Eschweiler: Bodenrichtwerte verzeichnen moderate Steigerungen

Gutachterausschuss legt Bodenrichtwerte vor : Die Baulandpreise in Eschweiler steigen weiter an

Die Indestadt wächst. Als einizige Stadt in der Region verzeichnet Eschweiler dauerhaft steigende Einwohnerzahlen. Was bedeutet, dass auch die Nachfrage nach Bauland ungebrochen ist. Die Folge: steigende Preise. Die aber, so stellte der Gutachterausschuss für Grundstückswerte in der Städteregion Aachen unter Vorsitz von Dipl.-Ing. Irene Littek-Braun nach dem Rekordumsatz im Jahr 2017 jetzt fest, fallen eher moderat aus.

Drei bis sechs Prozent machen die Erhöhungen hier aus – im Rest der Städteregion außerhalb Aachens sind dies dagegen bis zu 15 Prozent.

Ein Bodenrichtwert ist der Durchschnittspreis, für den ein Quadratmeter Boden in einem eng umgrenzten Bereich den Besitzer wechselt. Dabei weist die Städteregion Aachen nach wie vor ein großes Gefälle bei den Werten für Wohnbaugrundstücke auf. In Monschau und Simmerath (30 bis 115 Euro je Quadratmeter) liegen die Werte deutlich unter dem Durchschnitt der anderen Kommunen, wo (Stadt Aachen ausgeklammert) 85 bis 330 Euro je Quadratmeter zu zahlen sind. Spitzenpreise in den ehemaligen Kreiskommunen erzielen wie schon in den Vorjahren Baugrundstücke in Würselen und in Stolberg-Breinig.

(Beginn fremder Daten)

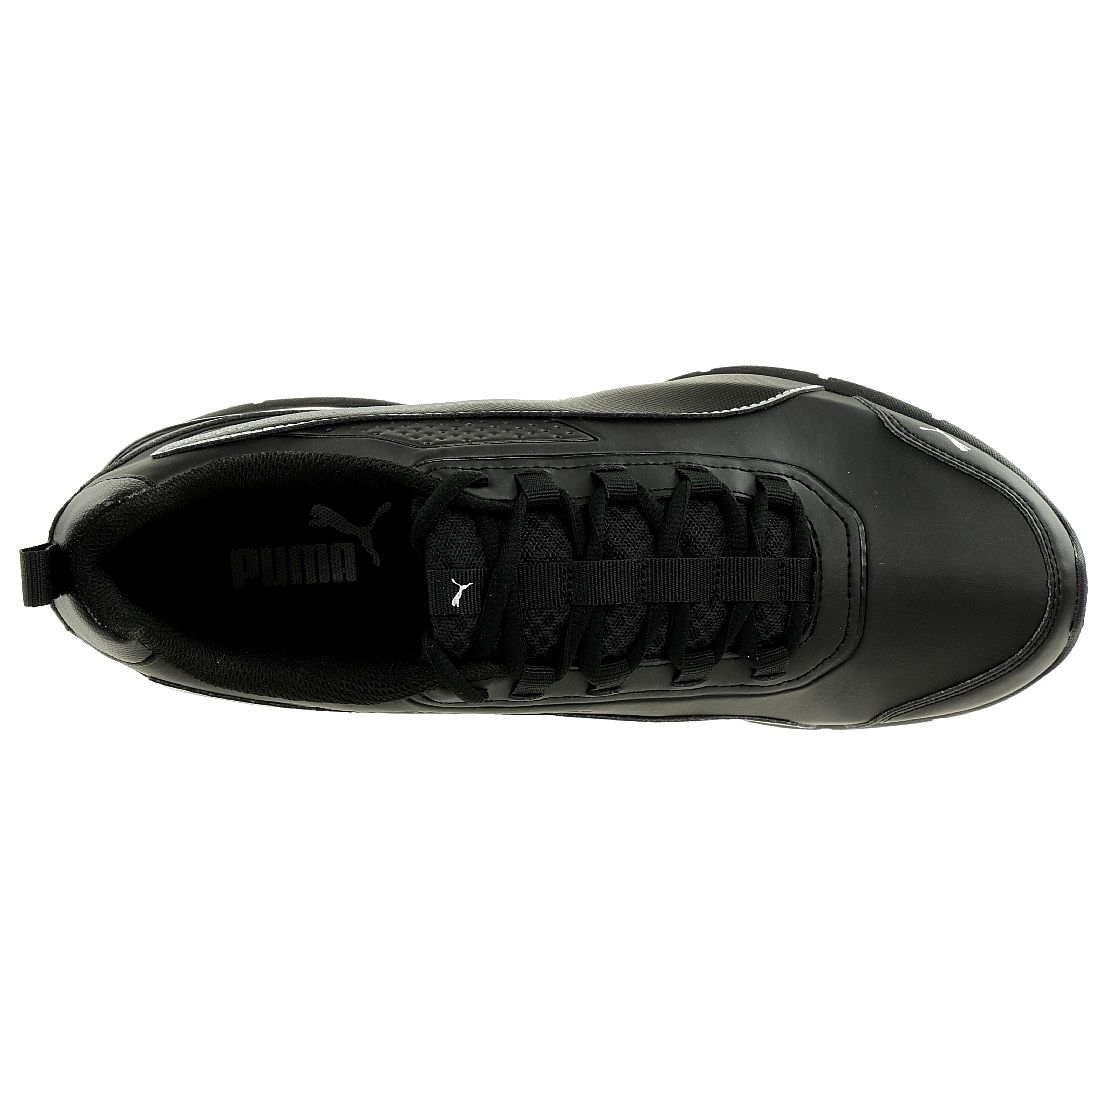 Puma Leader VT SL Unisex Sneaker Schuhe Laufschuhe 365291 02

Wer in guter Wohnlage bauen wollte, musste hier rund 330 Euro je Quadratmeter bezahlen, in mittlerer Lage in Würselen immerhin noch 260 Euro. Für vergleichbare Wohnlagen waren in  Eschweiler 210 bzw. 175 Euro fällig, in Stolberg 270 bzw.180 Euro, in Herzogenrath 280 bzw. 200 Euro, in Alsdorf 195 bzw.150 Euro, in Roetgen 180 bzw. 170 Euro, in Baesweiler 180 bzw.160 Euro, in Monschau 90 bzw. 65 Euro und Simmerath  110 bzw. 75 Euro. In Monschau-Widdau oder Simmerath-Erkensruhr müssen allerdings nur rund 30 bis 36 € pro Quadratmeter gezahlt werden.

Foto: grafik

Wer in Eschweiler günstiges Bauland sucht, der sieht sich am besten in Hücheln um: 125 Euro kostet dort der Quadratmeter. Nur wenig tiefer muss man im nahen Weisweiler in die Tasche greifen: 130 Euro schlagen dort zu Buche. Wer dörfliche Idylle bevorzugt, der ist in St. Jöris gut und preiswert aufgehoben: für 135 Euro je Quadratmeter. Im Stadtteil Ost kostet der Quadratmeter 140 Euro. Wen es dagegen nach Röhe zieht, der muss mit 145 Euro rechnen, ebenso viel wie in Nothberg. Zehn Euro mehr, sprich: 155 Euro werden in Hehlrath fällig, 165 in Bergrath.

Mit 175 Euro je Quadratmeter ist dabei, wer in der Waldsiedlung oder am Ringofen Bauland erwirbt. In Kinzweiler beträgt der aktuelle Richtwert nun 180 Euro. Deutlich teurer wird es in der Siedlung östlich des Jägerspfads: Dort steht der Preis derzeit bei 200 Euro. Ebenso teuer ist es in Röthgen.

Noch teurer wird es in der nördlichen Innenstadt im Bereich Englerthsgärten/Eichendorffstraße: Hier müssen Bauwillige 210 Euro je Quadratmeter auf den Tisch legen. Spitzenreiter ist das Gebiet Dreiers Gärten/Gartenstraße in der nördlichen Innenstadt: Hier wurden zuletzt 225 Euro fällig.